We know that plants can learn, and make decisions, and we now have a new level of insight into the decision-making process plants go through when put under pressure, vying with competitors for limited access to sunlight.
It turns out that plants can adapt to the size and strength of their nearby neighbors, deciding how best to survive considering what's happening around them, according to a new study. Read the full paper Decision-making in plants under competition at Nature.com.
Plants can plastically respond to light competition in three strategies, comprising vertical growth, which promotes competitive dominance; shade tolerance, which maximizes performance under shade; or lateral growth, which offers avoidance of competition. Here, we test the hypothesis that plants can ‘choose’ between these responses, according to their abilities to competitively overcome their neighbors. We study this hypothesis in the clonal plant Potentilla reptans using an experimental setup that simulates both the height and density of neighbors, thus presenting plants with different light-competition scenarios.
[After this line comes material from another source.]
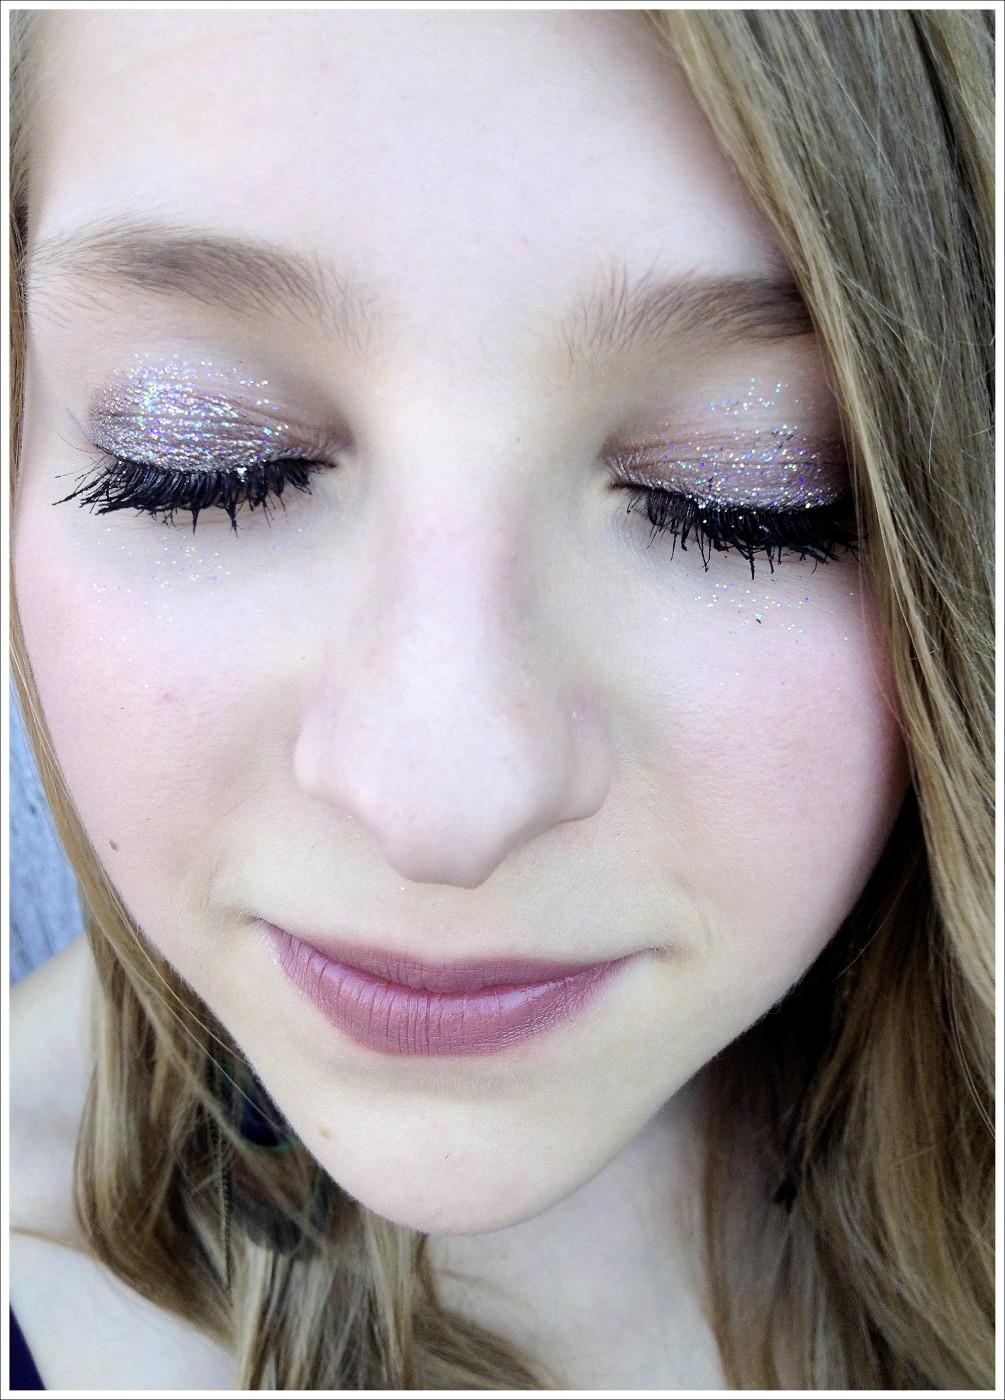 Leala the Great, </span><span><em>Sparkly eyes girl with eyes shut</em>, </span><span>2012

Potentilla reptans exhibit the highest vertical growth under simulated short-dense neighbors, highest specific leaf area (leaf area/dry mass) under tall-dense neighbors, and tend to increase total stolon length under tall-sparse neighbors. These responses suggest shifts between ‘confrontational’ vertical growth, shade tolerance and lateral-avoidance, respectively, and provide evidence that plants adopt one of several alternative plastic responses in a way that optimally corresponds to prevailing light-competition scenarios.